- _What is required_: Repeat the listing below in full, keeping every character as it is.

- _Extracted material_:

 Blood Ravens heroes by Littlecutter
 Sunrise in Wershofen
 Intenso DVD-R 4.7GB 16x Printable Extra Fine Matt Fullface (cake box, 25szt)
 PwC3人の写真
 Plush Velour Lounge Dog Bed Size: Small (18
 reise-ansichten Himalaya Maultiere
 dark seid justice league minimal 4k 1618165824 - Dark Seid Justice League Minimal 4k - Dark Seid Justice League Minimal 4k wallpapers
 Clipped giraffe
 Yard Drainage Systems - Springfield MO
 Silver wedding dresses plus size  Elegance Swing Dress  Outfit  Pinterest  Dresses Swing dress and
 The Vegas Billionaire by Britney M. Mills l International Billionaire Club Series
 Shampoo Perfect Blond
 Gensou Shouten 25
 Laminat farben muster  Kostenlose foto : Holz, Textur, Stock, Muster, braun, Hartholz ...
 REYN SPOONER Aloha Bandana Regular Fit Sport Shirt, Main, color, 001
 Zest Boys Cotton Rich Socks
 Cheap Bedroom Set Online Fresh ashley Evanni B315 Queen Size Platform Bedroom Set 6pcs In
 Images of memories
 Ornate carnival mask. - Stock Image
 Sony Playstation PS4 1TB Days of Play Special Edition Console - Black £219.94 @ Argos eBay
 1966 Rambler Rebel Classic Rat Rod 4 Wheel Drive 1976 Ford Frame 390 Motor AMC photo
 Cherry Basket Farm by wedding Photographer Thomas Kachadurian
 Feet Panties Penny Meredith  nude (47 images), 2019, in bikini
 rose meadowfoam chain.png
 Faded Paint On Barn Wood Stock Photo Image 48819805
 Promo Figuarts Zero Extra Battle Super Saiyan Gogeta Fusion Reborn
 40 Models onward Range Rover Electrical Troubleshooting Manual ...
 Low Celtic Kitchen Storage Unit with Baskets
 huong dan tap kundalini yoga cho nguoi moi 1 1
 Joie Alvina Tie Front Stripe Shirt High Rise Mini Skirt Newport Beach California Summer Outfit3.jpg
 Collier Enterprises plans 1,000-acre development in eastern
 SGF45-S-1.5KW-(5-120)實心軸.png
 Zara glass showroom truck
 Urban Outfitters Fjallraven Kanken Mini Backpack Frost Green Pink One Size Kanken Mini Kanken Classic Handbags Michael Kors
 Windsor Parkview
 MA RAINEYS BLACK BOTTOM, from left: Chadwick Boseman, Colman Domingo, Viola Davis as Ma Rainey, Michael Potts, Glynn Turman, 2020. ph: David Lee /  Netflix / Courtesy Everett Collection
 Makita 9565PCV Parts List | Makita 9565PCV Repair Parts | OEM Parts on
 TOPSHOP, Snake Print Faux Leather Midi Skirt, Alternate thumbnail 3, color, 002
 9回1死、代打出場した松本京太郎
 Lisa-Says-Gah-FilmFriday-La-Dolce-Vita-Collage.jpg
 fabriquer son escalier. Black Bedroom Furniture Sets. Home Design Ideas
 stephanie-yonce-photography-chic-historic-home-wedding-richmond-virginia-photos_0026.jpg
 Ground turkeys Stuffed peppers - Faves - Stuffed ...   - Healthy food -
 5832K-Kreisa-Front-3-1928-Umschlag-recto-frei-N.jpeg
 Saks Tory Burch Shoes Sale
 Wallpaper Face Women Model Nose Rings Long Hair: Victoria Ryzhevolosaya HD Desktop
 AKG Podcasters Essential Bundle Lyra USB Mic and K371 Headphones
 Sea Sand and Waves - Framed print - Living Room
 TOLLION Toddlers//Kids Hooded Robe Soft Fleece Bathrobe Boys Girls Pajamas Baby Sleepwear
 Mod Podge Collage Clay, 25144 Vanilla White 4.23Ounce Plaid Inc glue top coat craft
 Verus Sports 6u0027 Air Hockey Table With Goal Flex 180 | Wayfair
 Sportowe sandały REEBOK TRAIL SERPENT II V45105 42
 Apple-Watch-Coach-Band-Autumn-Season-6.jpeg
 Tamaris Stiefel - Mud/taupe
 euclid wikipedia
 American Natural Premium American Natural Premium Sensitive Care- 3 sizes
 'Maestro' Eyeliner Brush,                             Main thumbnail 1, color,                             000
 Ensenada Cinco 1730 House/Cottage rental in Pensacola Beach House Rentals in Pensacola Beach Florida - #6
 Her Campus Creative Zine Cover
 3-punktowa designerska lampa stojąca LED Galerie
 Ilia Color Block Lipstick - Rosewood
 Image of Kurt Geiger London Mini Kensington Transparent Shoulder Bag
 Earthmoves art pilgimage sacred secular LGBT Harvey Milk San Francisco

- _Answer space_:
 Blood Ravens heroes by Littlecutter
 Sunrise in Wershofen
 Intenso DVD-R 4.7GB 16x Printable Extra Fine Matt Fullface (cake box, 25szt)
 PwC3人の写真
 Plush Velour Lounge Dog Bed Size: Small (18
 reise-ansichten Himalaya Maultiere
 dark seid justice league minimal 4k 1618165824 - Dark Seid Justice League Minimal 4k - Dark Seid Justice League Minimal 4k wallpapers
 Clipped giraffe
 Yard Drainage Systems - Springfield MO
 Silver wedding dresses plus size  Elegance Swing Dress  Outfit  Pinterest  Dresses Swing dress and
 The Vegas Billionaire by Britney M. Mills l International Billionaire Club Series
 Shampoo Perfect Blond
 Gensou Shouten 25
 Laminat farben muster  Kostenlose foto : Holz, Textur, Stock, Muster, braun, Hartholz ...
 REYN SPOONER Aloha Bandana Regular Fit Sport Shirt, Main, color, 001
 Zest Boys Cotton Rich Socks
 Cheap Bedroom Set Online Fresh ashley Evanni B315 Queen Size Platform Bedroom Set 6pcs In
 Images of memories
 Ornate carnival mask. - Stock Image
 Sony Playstation PS4 1TB Days of Play Special Edition Console - Black £219.94 @ Argos eBay
 1966 Rambler Rebel Classic Rat Rod 4 Wheel Drive 1976 Ford Frame 390 Motor AMC photo
 Cherry Basket Farm by wedding Photographer Thomas Kachadurian
 Feet Panties Penny Meredith  nude (47 images), 2019, in bikini
 rose meadowfoam chain.png
 Faded Paint On Barn Wood Stock Photo Image 48819805
 Promo Figuarts Zero Extra Battle Super Saiyan Gogeta Fusion Reborn
 40 Models onward Range Rover Electrical Troubleshooting Manual ...
 Low Celtic Kitchen Storage Unit with Baskets
 huong dan tap kundalini yoga cho nguoi moi 1 1
 Joie Alvina Tie Front Stripe Shirt High Rise Mini Skirt Newport Beach California Summer Outfit3.jpg
 Collier Enterprises plans 1,000-acre development in eastern
 SGF45-S-1.5KW-(5-120)實心軸.png
 Zara glass showroom truck
 Urban Outfitters Fjallraven Kanken Mini Backpack Frost Green Pink One Size Kanken Mini Kanken Classic Handbags Michael Kors
 Windsor Parkview
 MA RAINEYS BLACK BOTTOM, from left: Chadwick Boseman, Colman Domingo, Viola Davis as Ma Rainey, Michael Potts, Glynn Turman, 2020. ph: David Lee /  Netflix / Courtesy Everett Collection
 Makita 9565PCV Parts List | Makita 9565PCV Repair Parts | OEM Parts on
 TOPSHOP, Snake Print Faux Leather Midi Skirt, Alternate thumbnail 3, color, 002
 9回1死、代打出場した松本京太郎
 Lisa-Says-Gah-FilmFriday-La-Dolce-Vita-Collage.jpg
 fabriquer son escalier. Black Bedroom Furniture Sets. Home Design Ideas
 stephanie-yonce-photography-chic-historic-home-wedding-richmond-virginia-photos_0026.jpg
 Ground turkeys Stuffed peppers - Faves - Stuffed ...   - Healthy food -
 5832K-Kreisa-Front-3-1928-Umschlag-recto-frei-N.jpeg
 Saks Tory Burch Shoes Sale
 Wallpaper Face Women Model Nose Rings Long Hair: Victoria Ryzhevolosaya HD Desktop
 AKG Podcasters Essential Bundle Lyra USB Mic and K371 Headphones
 Sea Sand and Waves - Framed print - Living Room
 TOLLION Toddlers//Kids Hooded Robe Soft Fleece Bathrobe Boys Girls Pajamas Baby Sleepwear
 Mod Podge Collage Clay, 25144 Vanilla White 4.23Ounce Plaid Inc glue top coat craft
 Verus Sports 6u0027 Air Hockey Table With Goal Flex 180 | Wayfair
 Sportowe sandały REEBOK TRAIL SERPENT II V45105 42
 Apple-Watch-Coach-Band-Autumn-Season-6.jpeg
 Tamaris Stiefel - Mud/taupe
 euclid wikipedia
 American Natural Premium American Natural Premium Sensitive Care- 3 sizes
 'Maestro' Eyeliner Brush,                             Main thumbnail 1, color,                             000
 Ensenada Cinco 1730 House/Cottage rental in Pensacola Beach House Rentals in Pensacola Beach Florida - #6
 Her Campus Creative Zine Cover
 3-punktowa designerska lampa stojąca LED Galerie
 Ilia Color Block Lipstick - Rosewood
 Image of Kurt Geiger London Mini Kensington Transparent Shoulder Bag
 Earthmoves art pilgimage sacred secular LGBT Harvey Milk San Francisco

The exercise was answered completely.